As an exercise, transcribe the data below in full and exactly, omitting pictures.
DATA SECTION Start Marker
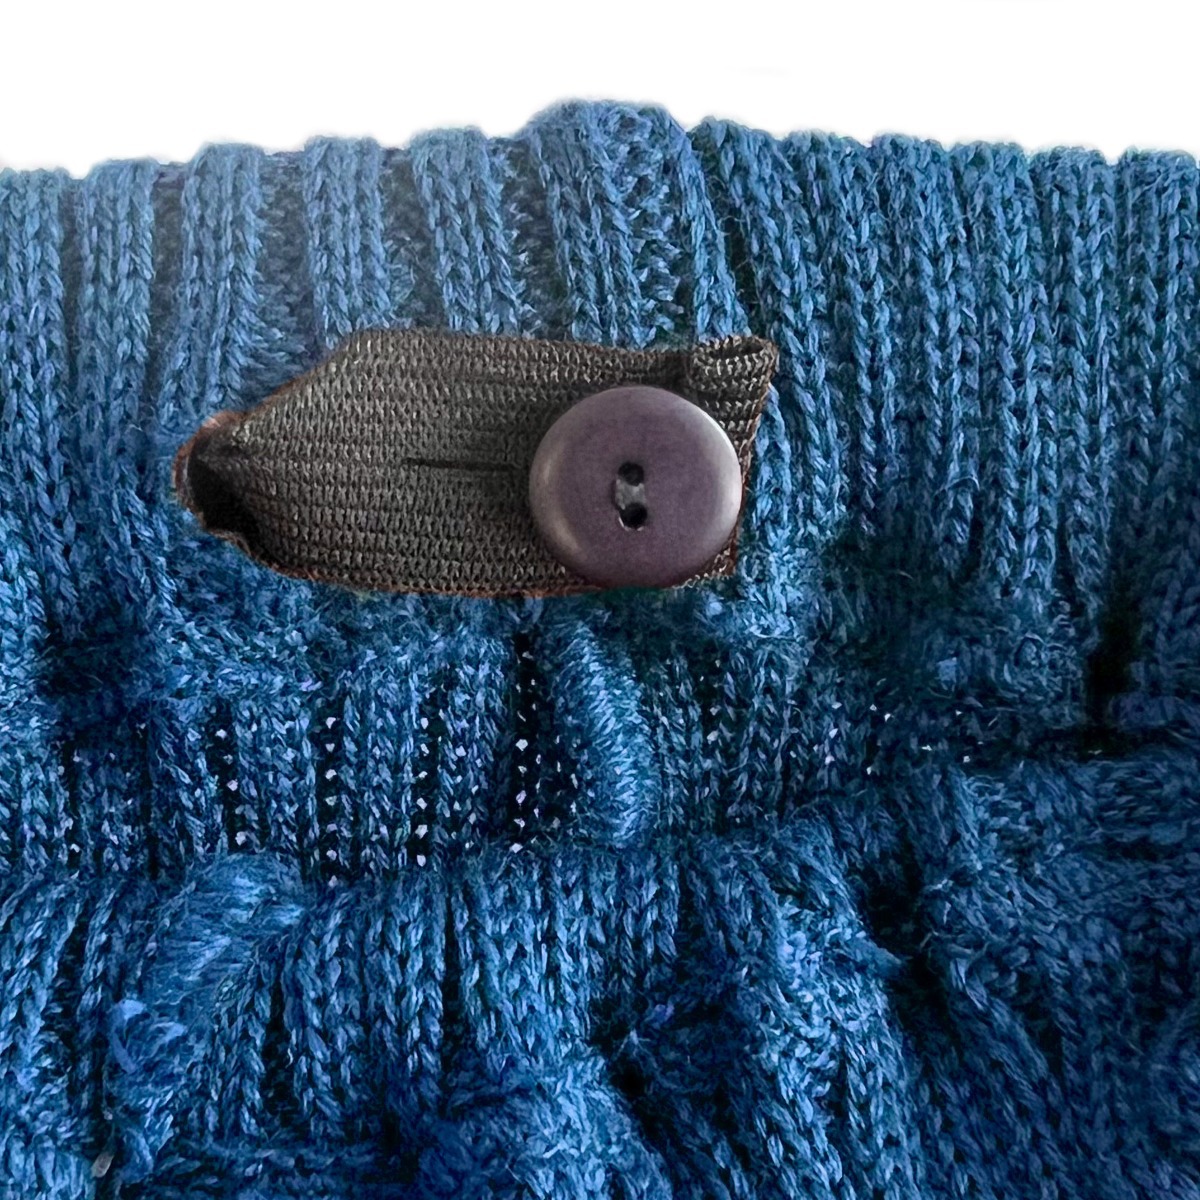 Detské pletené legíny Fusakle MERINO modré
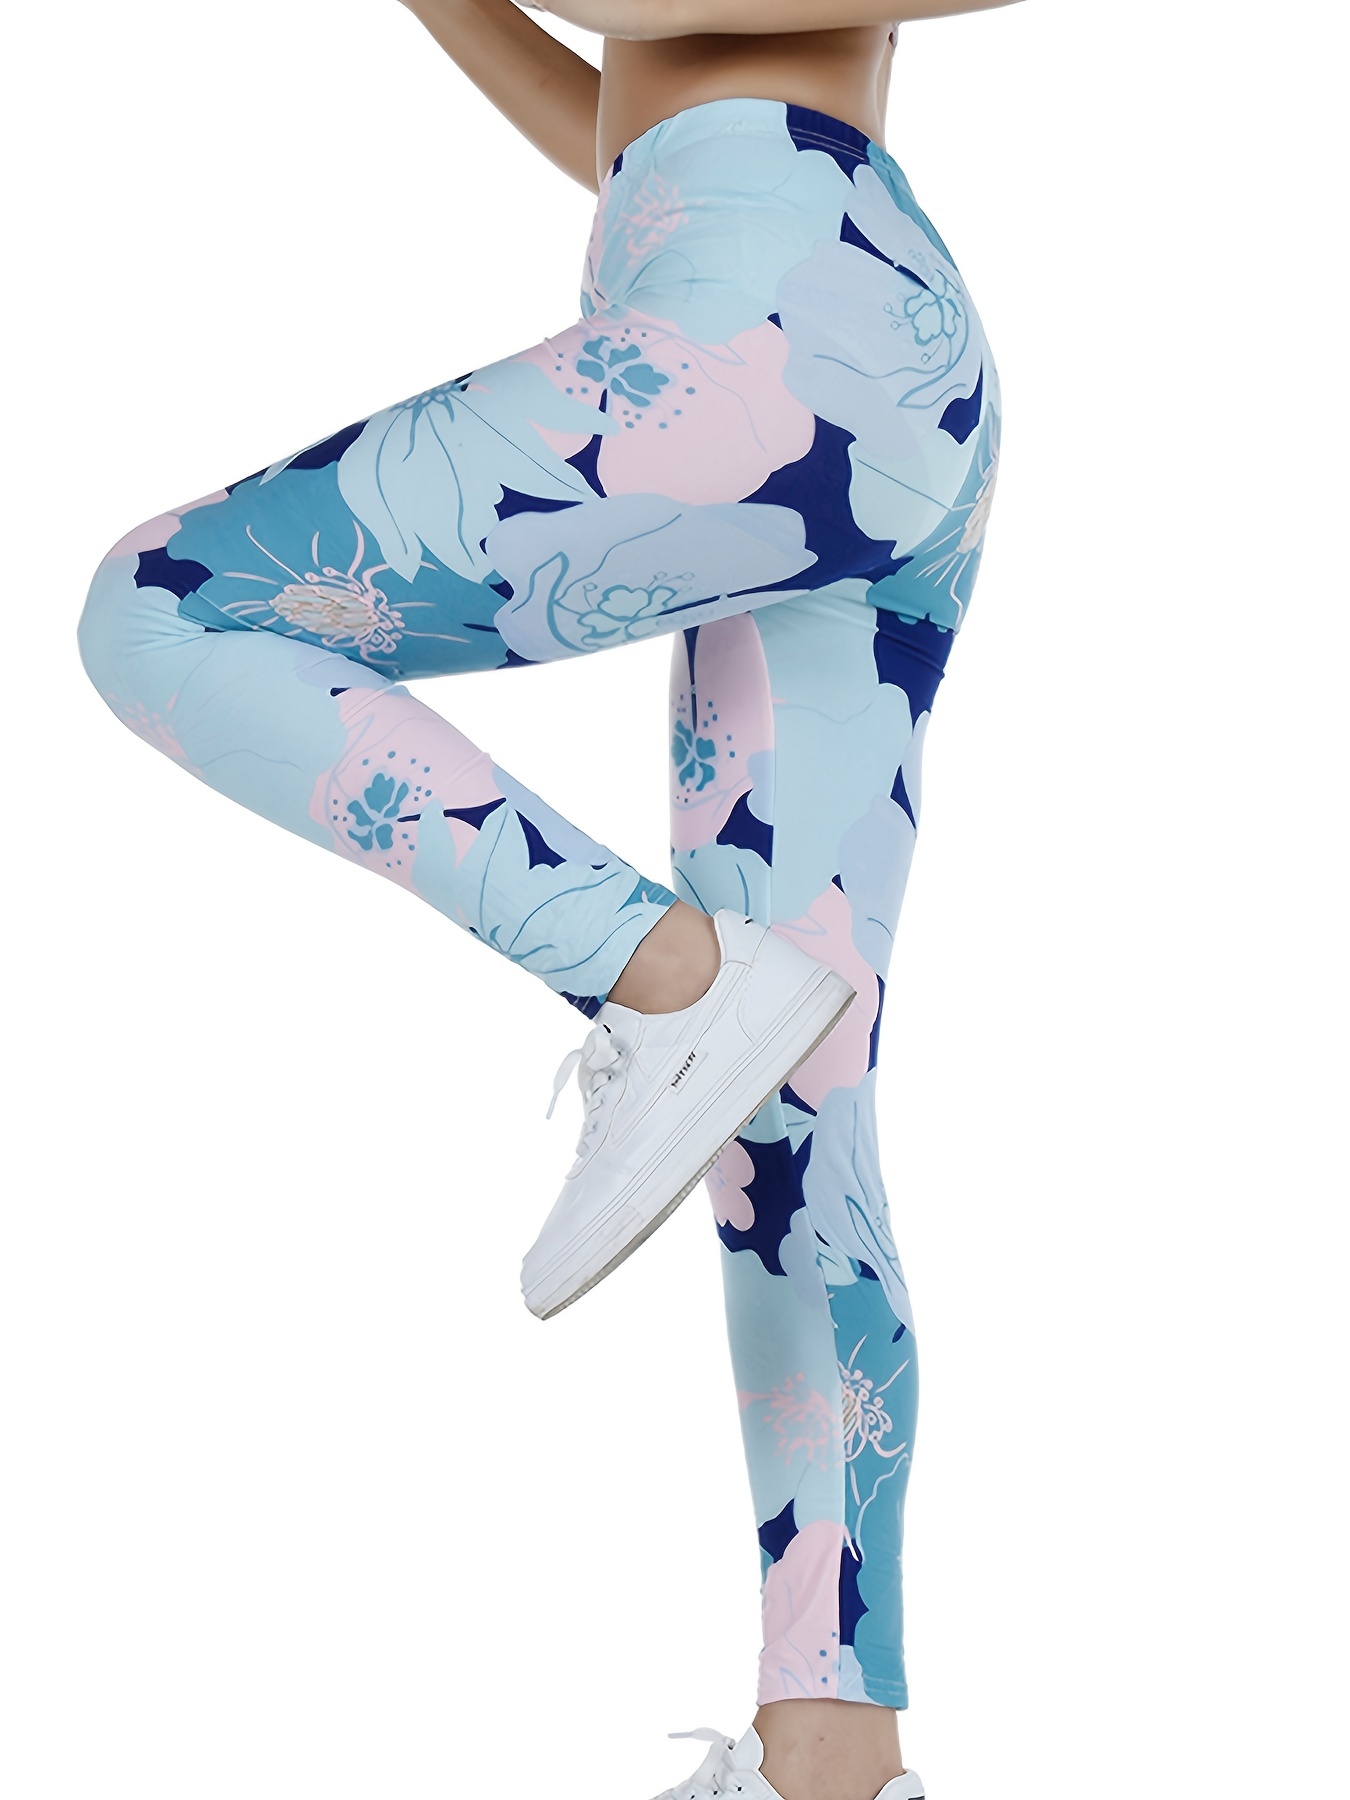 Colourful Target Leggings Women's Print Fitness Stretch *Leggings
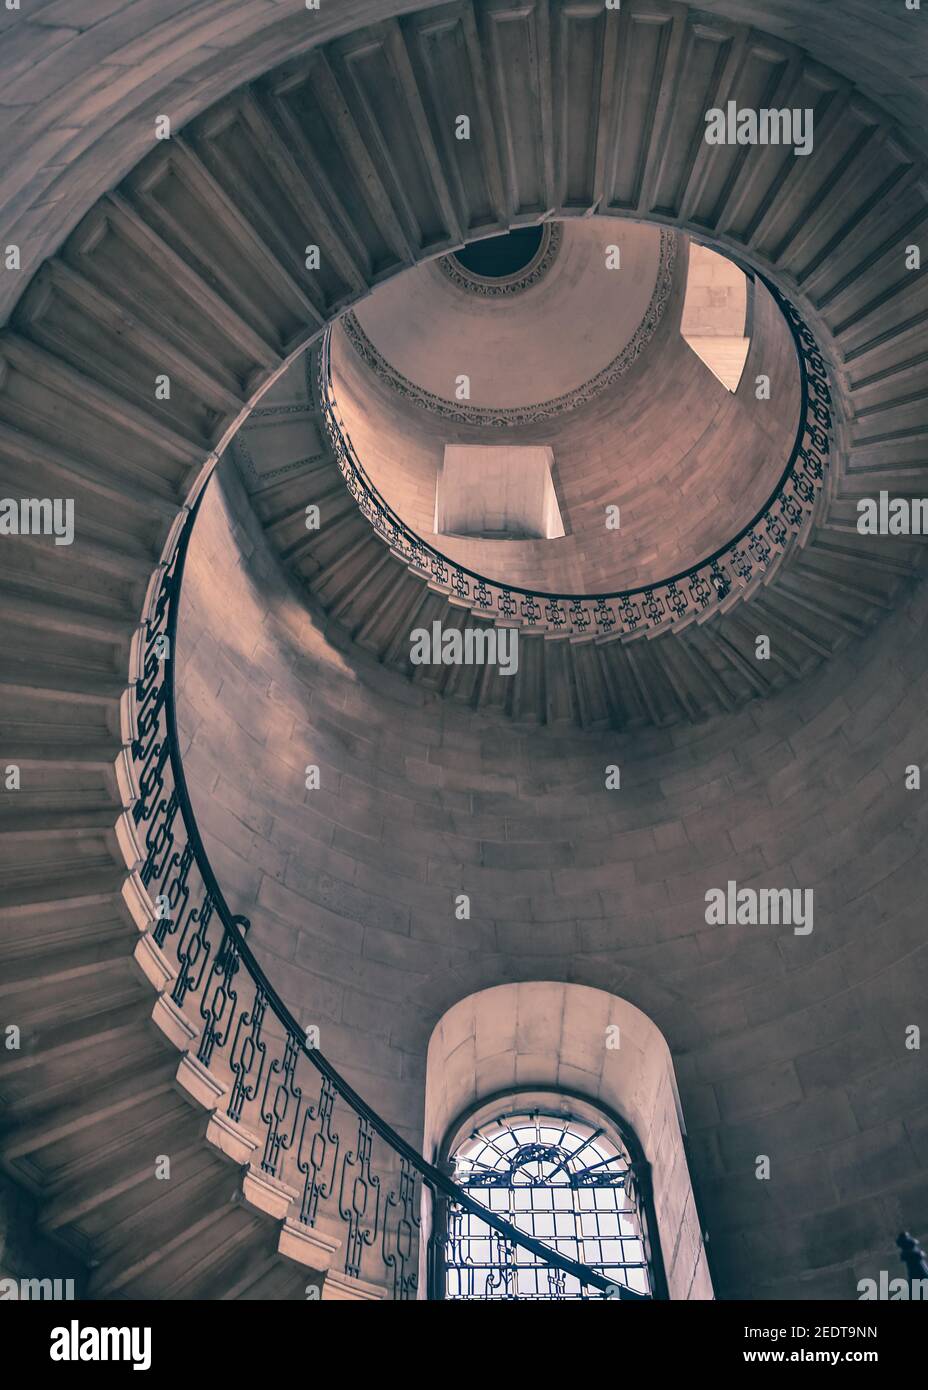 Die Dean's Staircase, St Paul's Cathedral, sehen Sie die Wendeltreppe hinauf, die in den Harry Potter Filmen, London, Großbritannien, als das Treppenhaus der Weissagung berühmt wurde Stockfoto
DATA SECTION End Marker
◆ REPLY ◆
 Detské pletené legíny Fusakle MERINO modré
 Colourful Target Leggings Women's Print Fitness Stretch *Leggings
 Die Dean's Staircase, St Paul's Cathedral, sehen Sie die Wendeltreppe hinauf, die in den Harry Potter Filmen, London, Großbritannien, als das Treppenhaus der Weissagung berühmt wurde Stockfoto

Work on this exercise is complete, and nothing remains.